Улоф выключил зажигание и с третьей попытки открыл перекошенную водительскую дверь. В моторе что-то по-прежнему поскрипывало. В абсолютной, ничем не нарушаемой тишине звук этот казался особенно тревожным.
— Вентилятор... — Он положил руку на капот — горячий.
— Антифриза мало? — предположил Леннарт. — Может, радиатор прохудился?
Улоф встал на колени и заглянул под машину.
— Не-а. На днях залил. И радиатор целый. Я же говорю — вентилятор. Пусть отдохнет маленько, — и медленно, чтобы не закружилась голова, встал.
Леннарт задумчиво смотрел вдаль, скрестив руки на груди.
— Увидал что-то?
— Что тут увидишь... подумал просто: засеять бы всю эту землю...
— Или коров пасти.
Леннарт присел на корточки и погладил траву. Потом вырвал несколько травинок, растер между пальцами и понюхал.
— Не знаю... насчет коров-то. Бедновата... — Он протянул траву Улофу. — Что скажешь?
Улоф опять опустился на четвереньки, пригнулся, понюхал траву и подумал, что выглядит смешно. Вырвал, как и Леннарт, несколько стебельков, встал, тоже растер, поднес к носу и согласился.
— Да... так себе.
Трава превратилась в сухой порошок. От нее исходил еле заметный сухой запах пыли, и она не оставляла следов на пальцах, словно ей не хватало ни воды, ни питательных веществ. Как она вообще растет без солнца? — подумал Леннарт, но вслух не сказал. А сказал вот что:
— А дожди-то здесь идут?
— Должны... куда им деться. Как-то она ведь растет.
— Если растет.
— Да... если растет. — Леннарт опять посмотрел на странную траву — точно вчера пострижена, все травинки одинаковой высоты, — но ведь живая, по крайней мере.
Улоф еще раз понюхал оставшийся в руке порошок.
— Не уверен...
***
Дональд поручил Майвор следить за радио. Слушать все подряд и записывать лоты — надо понять, идут ли они по кругу или все время новые.
Пока ни одна песня не повторилась, все время шли новые. Если их можно так назвать — новыми они были лет тридцать—сорок назад. Старые замечательные песни. Майвор всю жизнь была преданной поклонницей шведской эстрады, так что вряд ли кто-то справился бы с заданием лучше. Ей не нужно никакого диктора — она и так знает все эти лоты.

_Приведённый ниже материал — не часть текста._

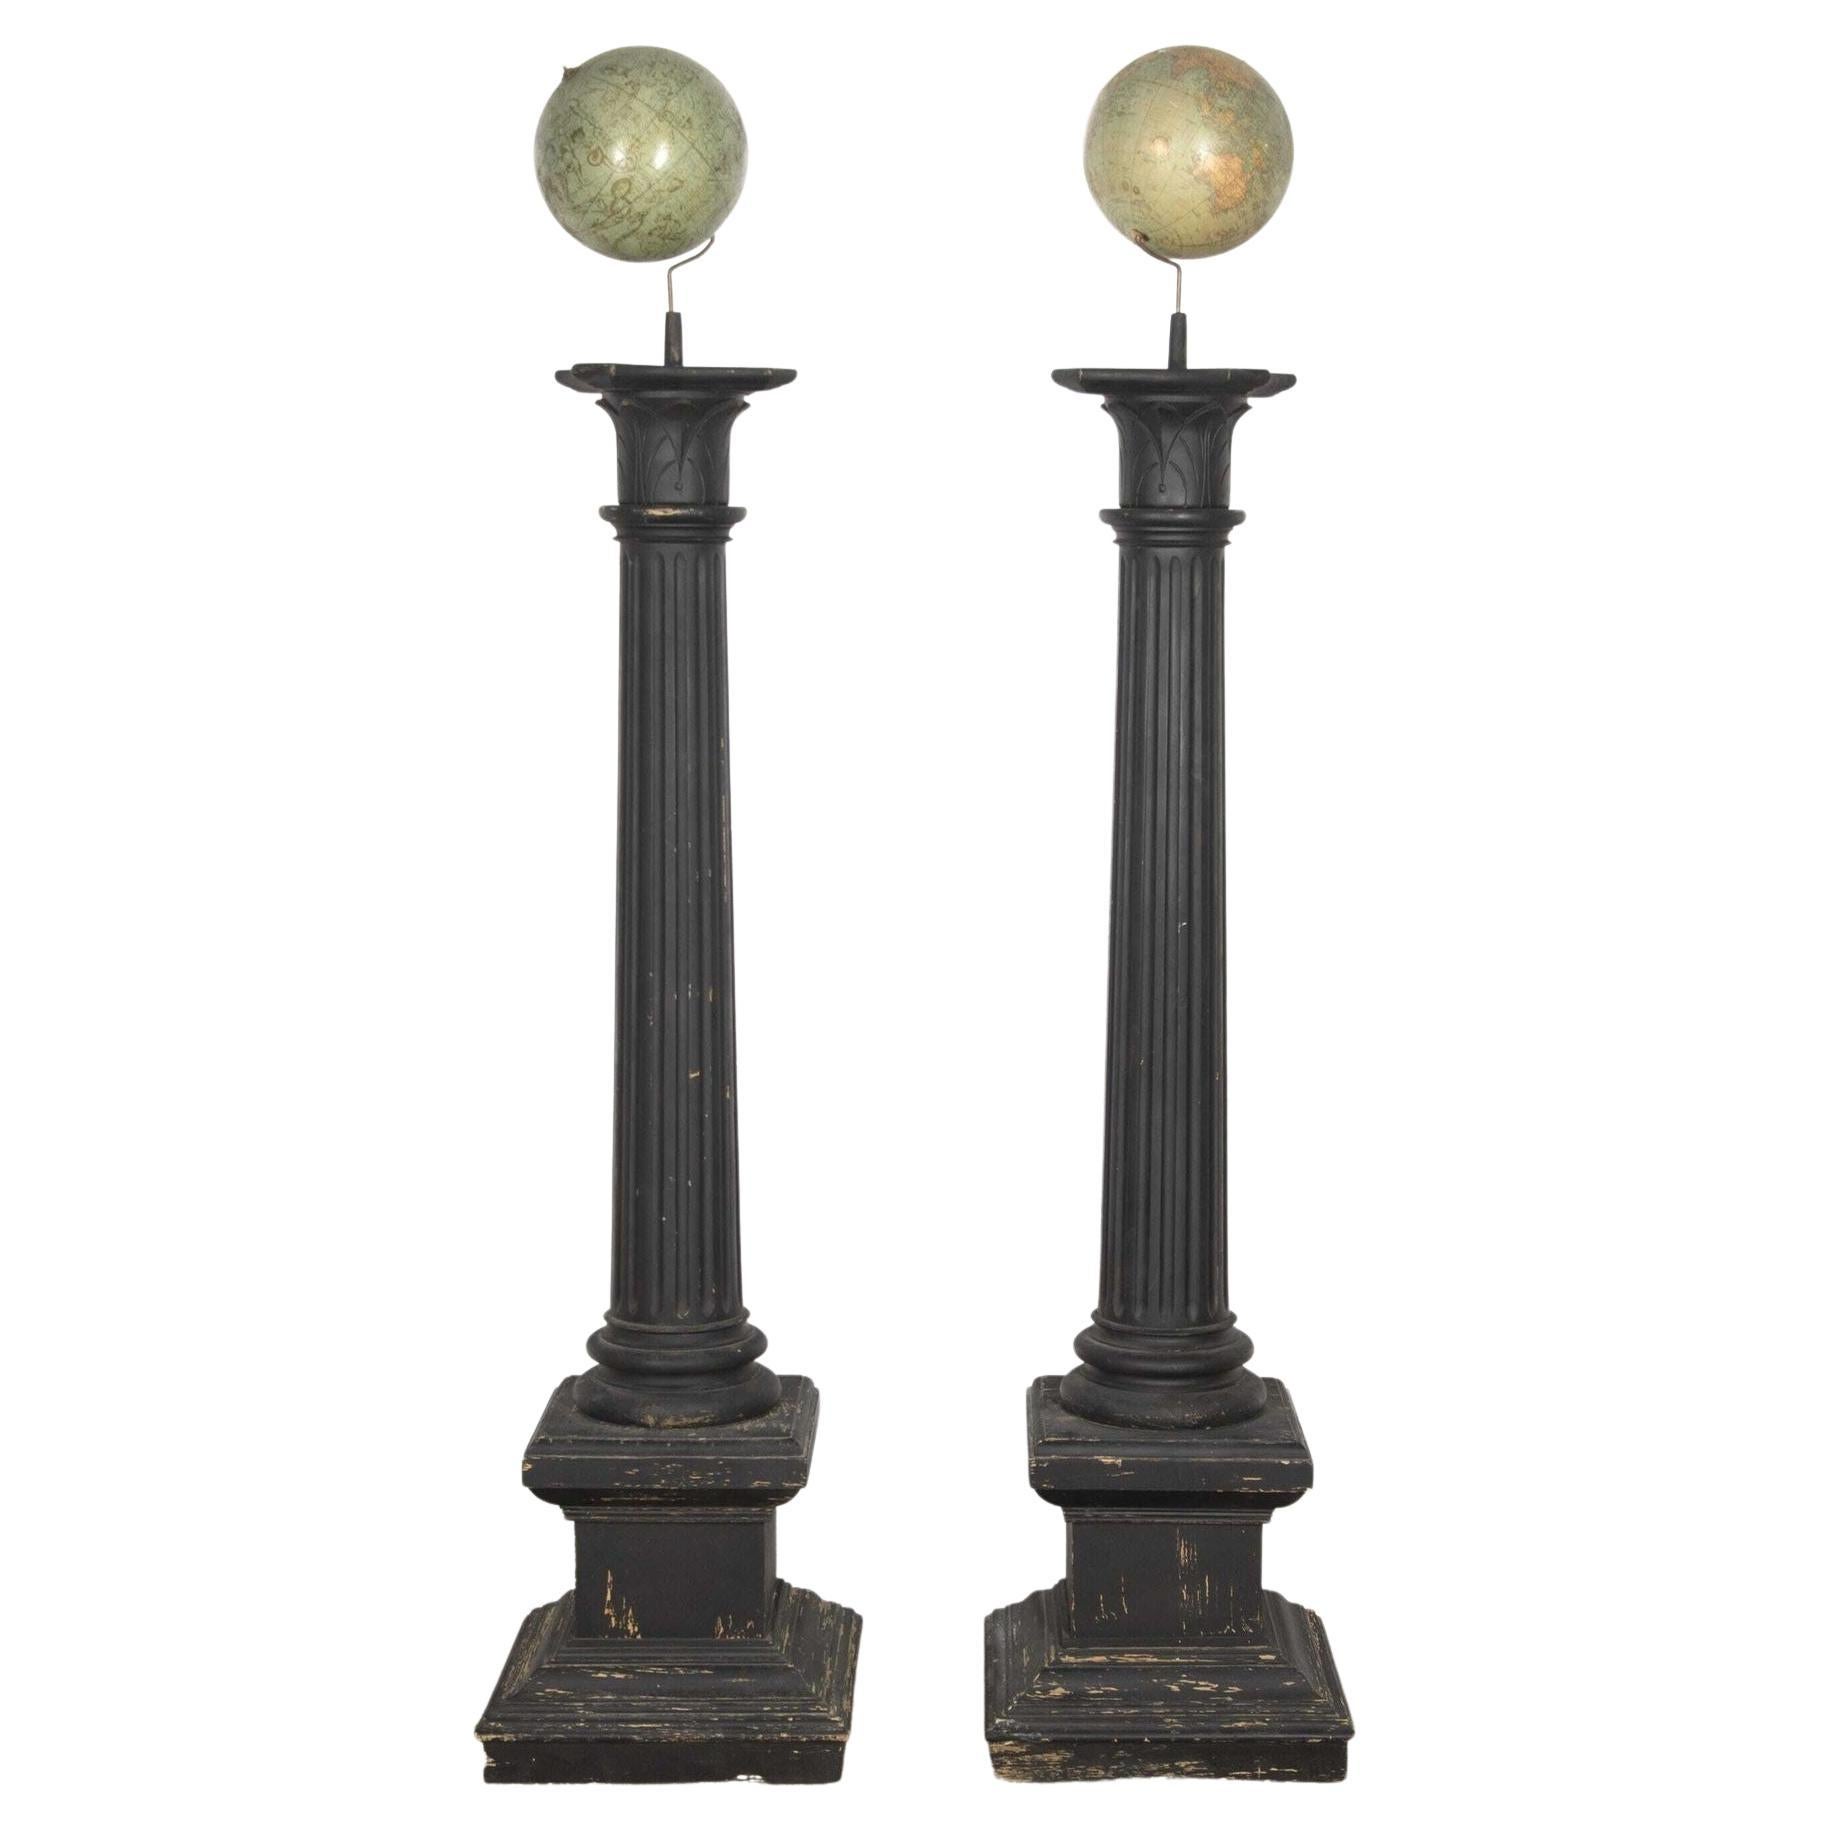 Pair of Globes on Columns

Вот, к примеру. Достаточно басовой секвенции во вступлении, и она пишет, даже не дожидаясь голоса певца.
Клес-Йоран Хедерстрём. «Теперь, черт ее подери, это похоже на любовь».
Клес-Йоран не ее фаворит, вовсе нет, но все равно она знает все его песни.
Покачала ногой в такт музыке, налила чашку кофе из термоса и отсалютовала пустому стулу напротив. Впрочем, не совсем пустому — там сидит Джеймс Стюарт10.